Exercise: Could you repeat all of the entries below, character for character?

Excerpted data:

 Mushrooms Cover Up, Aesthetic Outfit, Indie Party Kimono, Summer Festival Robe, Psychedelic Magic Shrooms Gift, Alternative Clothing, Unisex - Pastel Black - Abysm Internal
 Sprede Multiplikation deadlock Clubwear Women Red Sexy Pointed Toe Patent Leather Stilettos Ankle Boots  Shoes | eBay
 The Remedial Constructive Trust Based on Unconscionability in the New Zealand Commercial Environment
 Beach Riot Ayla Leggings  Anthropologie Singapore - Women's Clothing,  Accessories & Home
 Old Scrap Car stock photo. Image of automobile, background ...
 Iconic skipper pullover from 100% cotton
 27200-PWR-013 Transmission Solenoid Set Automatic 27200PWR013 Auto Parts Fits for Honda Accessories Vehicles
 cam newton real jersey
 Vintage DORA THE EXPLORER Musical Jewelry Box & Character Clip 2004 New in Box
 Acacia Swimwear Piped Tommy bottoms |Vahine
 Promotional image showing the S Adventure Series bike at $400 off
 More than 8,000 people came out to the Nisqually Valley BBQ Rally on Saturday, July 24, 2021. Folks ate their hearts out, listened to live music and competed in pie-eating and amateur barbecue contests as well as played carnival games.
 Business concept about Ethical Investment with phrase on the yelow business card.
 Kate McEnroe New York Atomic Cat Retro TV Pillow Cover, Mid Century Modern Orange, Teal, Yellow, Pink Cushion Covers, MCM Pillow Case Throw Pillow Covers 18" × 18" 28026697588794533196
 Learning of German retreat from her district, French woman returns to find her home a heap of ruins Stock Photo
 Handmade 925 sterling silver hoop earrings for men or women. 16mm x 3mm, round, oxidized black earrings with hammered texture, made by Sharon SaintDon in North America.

Answer to the exercise:
 Mushrooms Cover Up, Aesthetic Outfit, Indie Party Kimono, Summer Festival Robe, Psychedelic Magic Shrooms Gift, Alternative Clothing, Unisex - Pastel Black - Abysm Internal
 Sprede Multiplikation deadlock Clubwear Women Red Sexy Pointed Toe Patent Leather Stilettos Ankle Boots  Shoes | eBay
 The Remedial Constructive Trust Based on Unconscionability in the New Zealand Commercial Environment
 Beach Riot Ayla Leggings  Anthropologie Singapore - Women's Clothing,  Accessories & Home
 Old Scrap Car stock photo. Image of automobile, background ...
 Iconic skipper pullover from 100% cotton
 27200-PWR-013 Transmission Solenoid Set Automatic 27200PWR013 Auto Parts Fits for Honda Accessories Vehicles
 cam newton real jersey
 Vintage DORA THE EXPLORER Musical Jewelry Box & Character Clip 2004 New in Box
 Acacia Swimwear Piped Tommy bottoms |Vahine
 Promotional image showing the S Adventure Series bike at $400 off
 More than 8,000 people came out to the Nisqually Valley BBQ Rally on Saturday, July 24, 2021. Folks ate their hearts out, listened to live music and competed in pie-eating and amateur barbecue contests as well as played carnival games.
 Business concept about Ethical Investment with phrase on the yelow business card.
 Kate McEnroe New York Atomic Cat Retro TV Pillow Cover, Mid Century Modern Orange, Teal, Yellow, Pink Cushion Covers, MCM Pillow Case Throw Pillow Covers 18" × 18" 28026697588794533196
 Learning of German retreat from her district, French woman returns to find her home a heap of ruins Stock Photo
 Handmade 925 sterling silver hoop earrings for men or women. 16mm x 3mm, round, oxidized black earrings with hammered texture, made by Sharon SaintDon in North America.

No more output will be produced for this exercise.